Senior Kiley Madore viewed advisory as inefficient. “I felt like there were times when I really had to do homework or kind of wanted to treat it as a study hall; however, my teacher would always make sure we did the lesson plan that they gave teachers even though they used the same ones each year.”

Donovan said he recognized that it is a challenge for many students that pursue extracurricular activities to complete their schoolwork. Flex helps students balance extracurriculars and everyday life with school work.

“I find flex very helpful because I am an athlete,” said varsity field hockey player Avery Marquis. A driven student, Avery schedules her flex with the teachers she needs to visit to stay on top of her schoolwork and have more time for athletics.

Flex allows students to manage their grades, even if they don’t do extracurriculars. Iyanna Torres, a sophomore, said flex is a more productive use of time than advisory.

“We were not able to leave our [advisory] classrooms because we always had something planned, but now I’m able to see my teachers for extra help,” said Torres, who is taking advantage of this extra time, and so has sophomore Vidhi Rana, who has noticed an unmistakable improvement in her grades.

“I had a 70 in English but I went to my teachers during flex for extra help and handed in some things and it brought my grade up to an 80,” Rana said.

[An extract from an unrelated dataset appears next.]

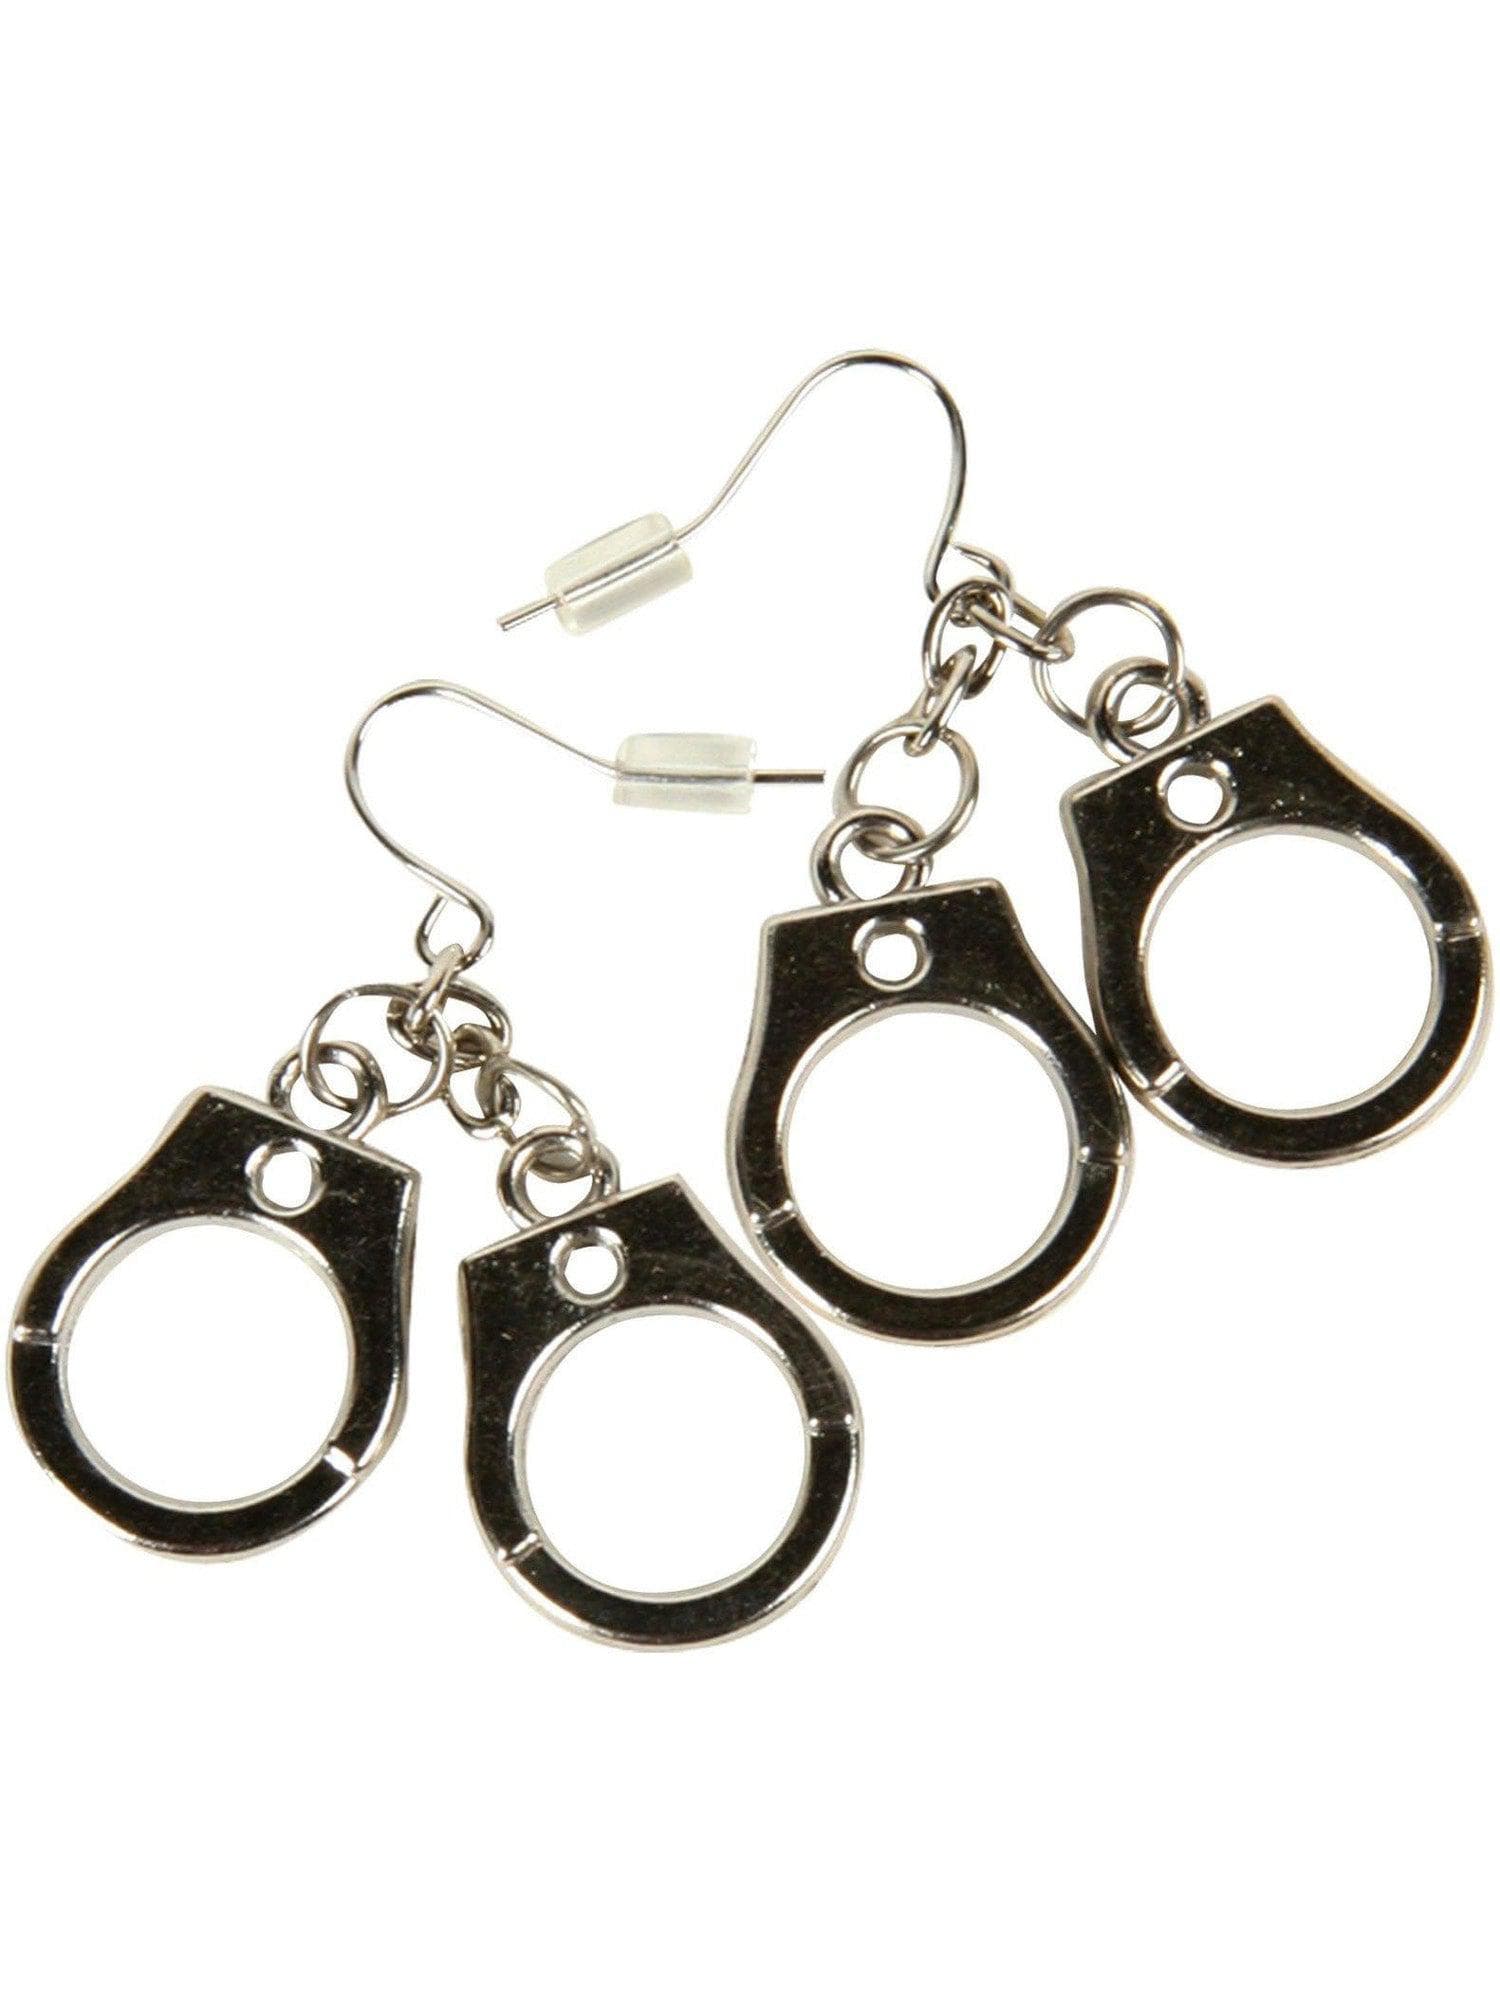 Handcuff Earrings - costumes.com

Although, as with everything, there is always room for improvement.

“Flex would be better if students could schedule their classes for themselves, so long as their grades are sufficient enough,” said BOG Secretary and Senior Gabby D’Ostilio.

Another complaint came from sophomore Isabella Peralta: “When we schedule our flex and decide we need to go see a different teacher, we should be able to change it regardless of what day it is.”

Complaints about students not being able to schedule themselves and the fast rate of flex class spots filling up seem to be the general complaints. Even Donovan agrees that flex still needs some work and concludes “that in order to move forward, we have to get it right.”